▸ Your goal: Exactly reproduce the lines of the listing below from the one containing "Balmain Single-breasted Long Coat - Black" through the one containing "Estero Florida, centro". Skip the images.

▸ The input:
<<<<

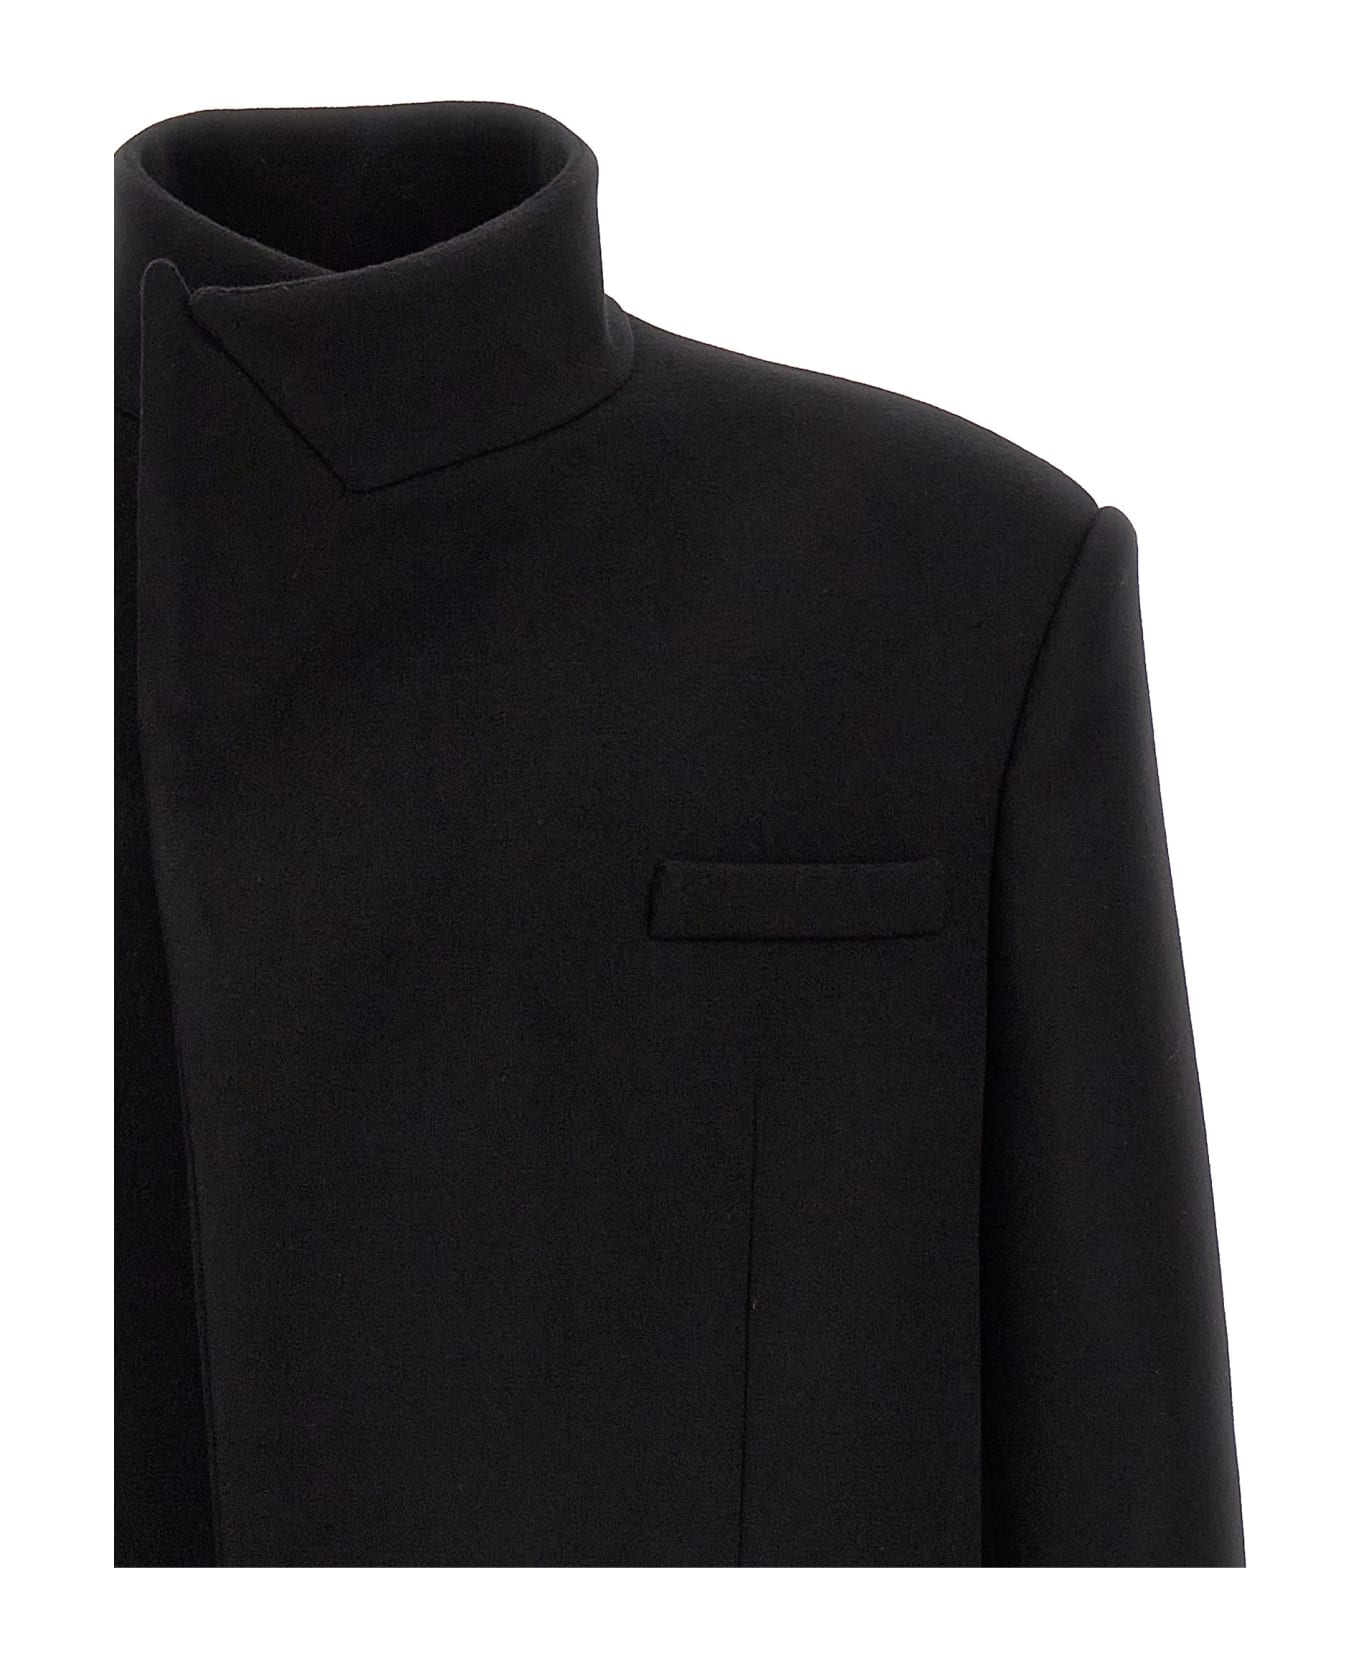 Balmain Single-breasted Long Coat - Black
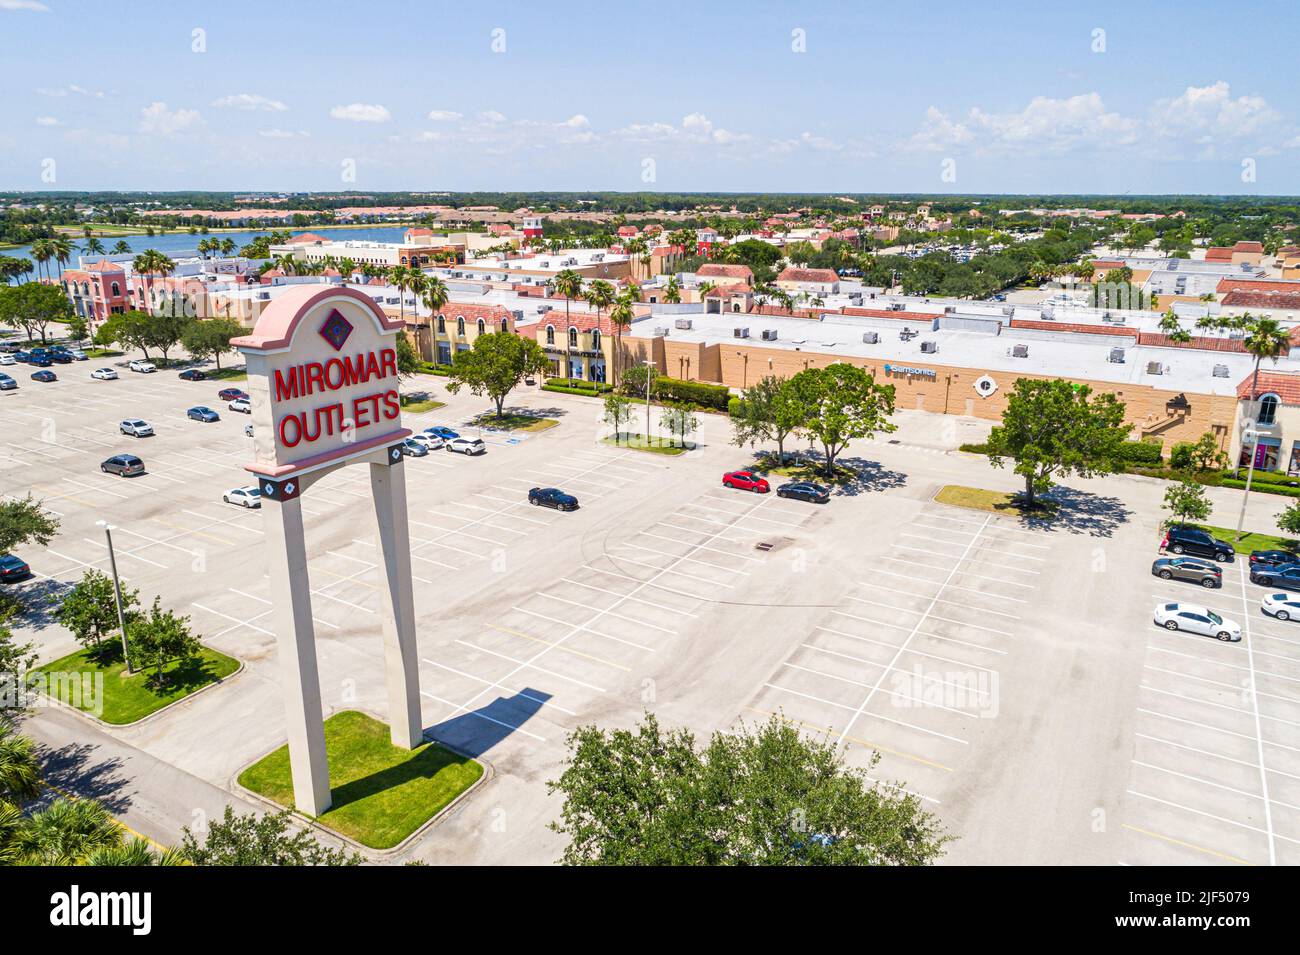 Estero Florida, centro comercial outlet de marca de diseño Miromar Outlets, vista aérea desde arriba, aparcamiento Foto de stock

>>>>
<<<<

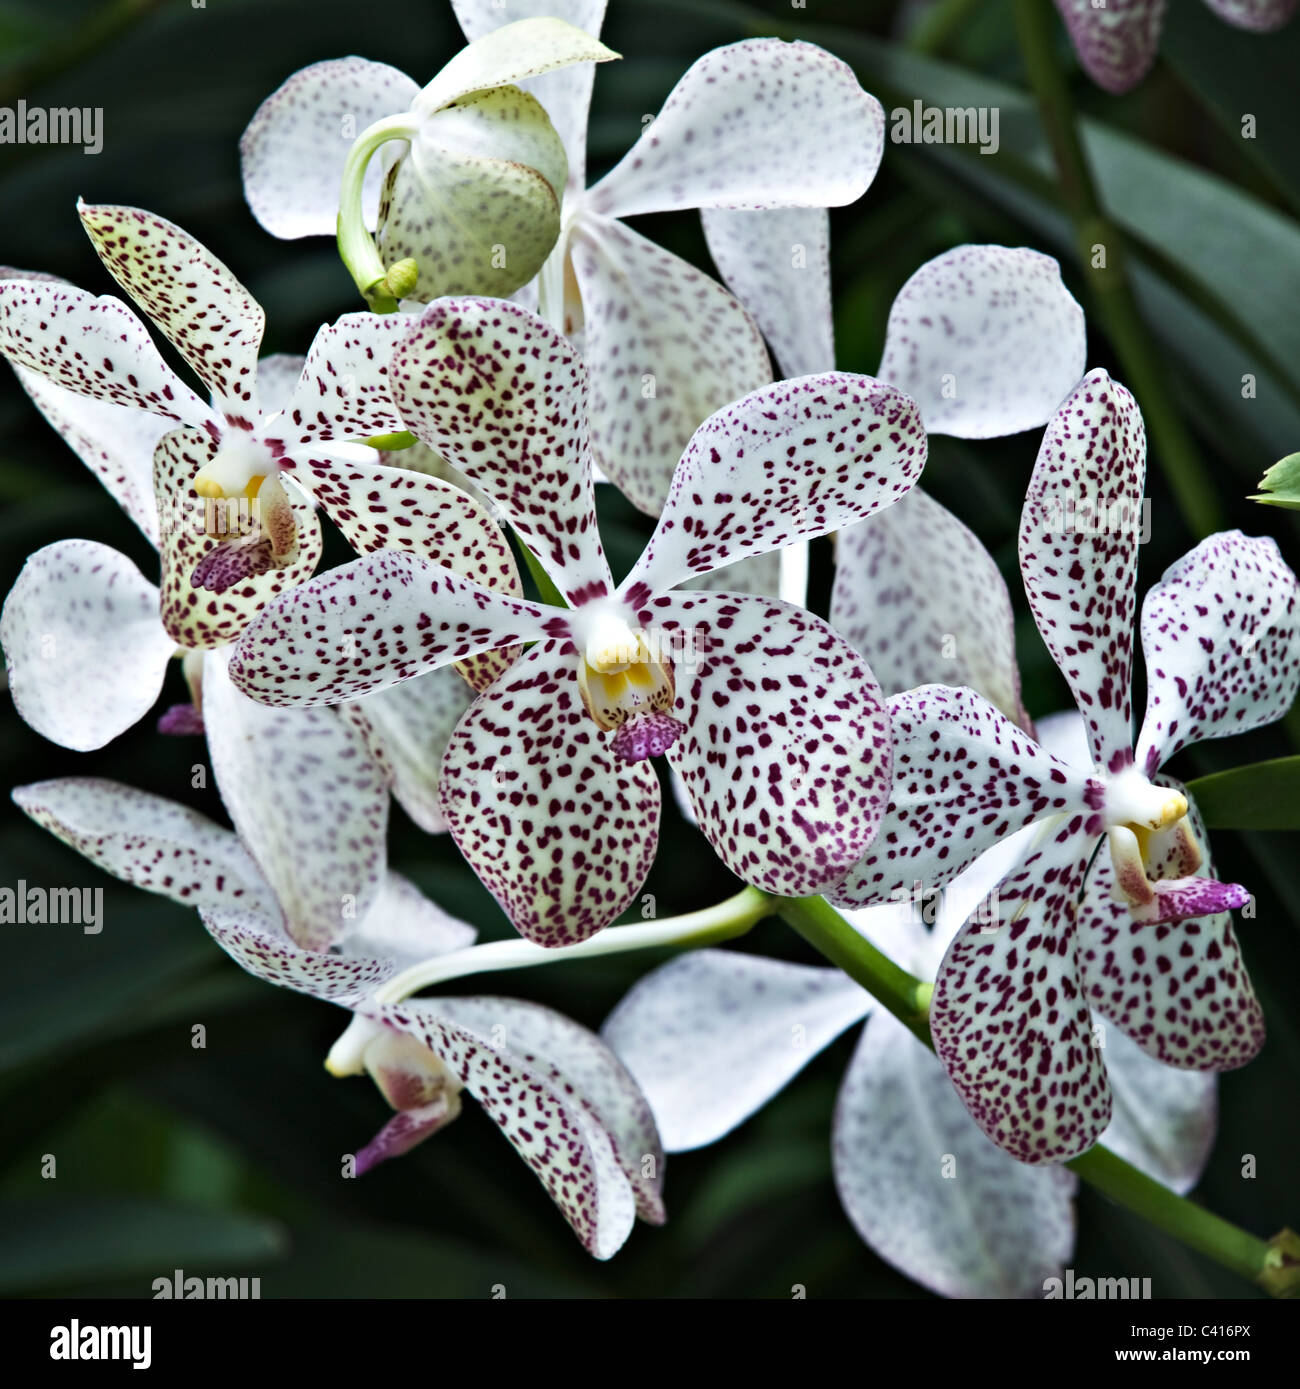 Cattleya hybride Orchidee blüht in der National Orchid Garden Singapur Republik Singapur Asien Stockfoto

>>>>
<<<<

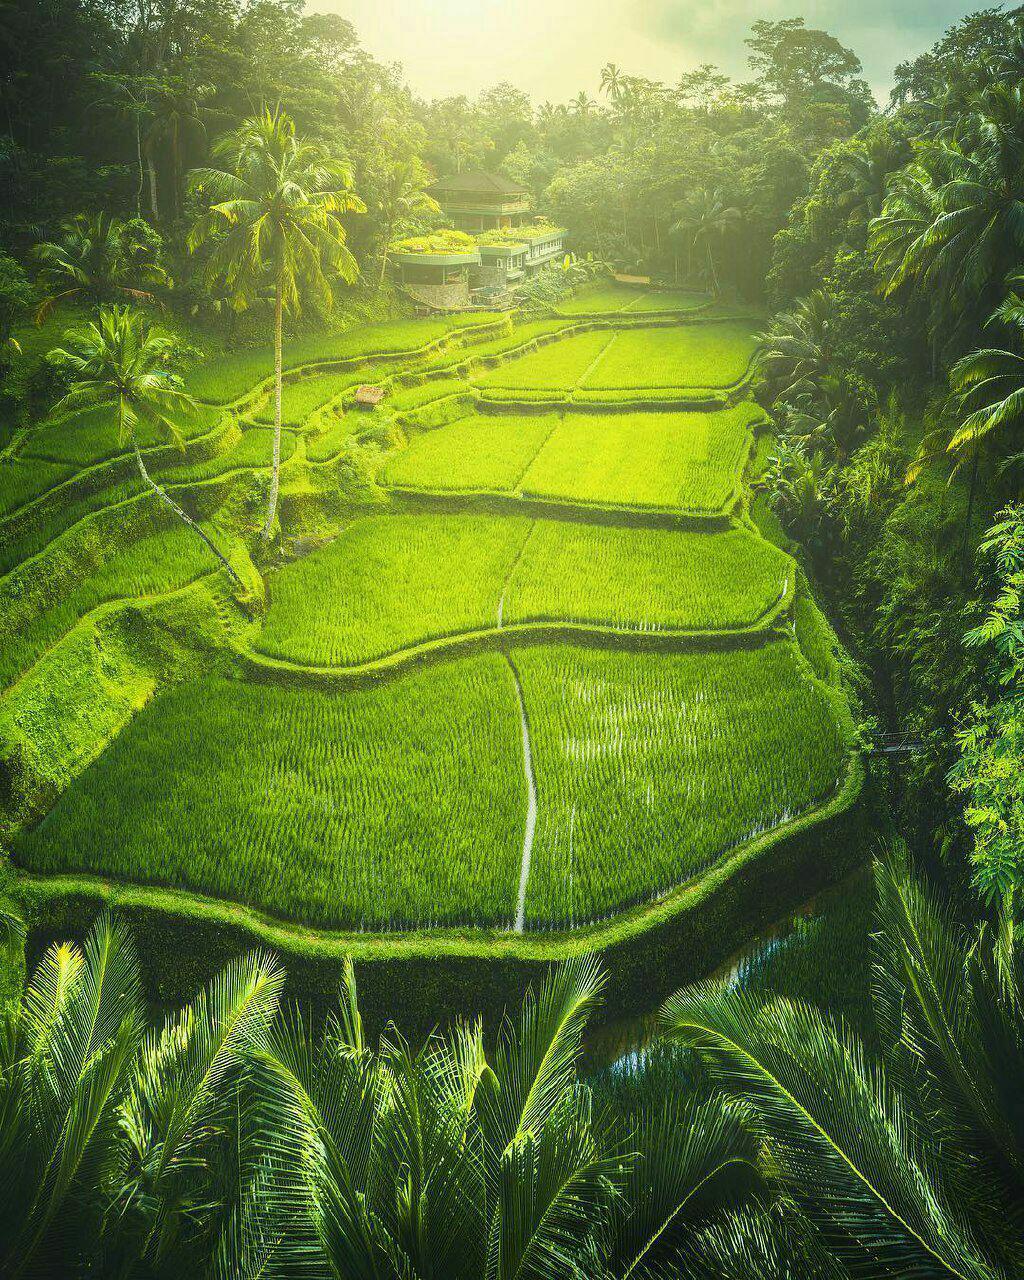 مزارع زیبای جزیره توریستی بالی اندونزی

>>>>

▸ Problem solution:
 Balmain Single-breasted Long Coat - Black
 Estero Florida, centro comercial outlet de marca de diseño Miromar Outlets, vista aérea desde arriba, aparcamiento Foto de stock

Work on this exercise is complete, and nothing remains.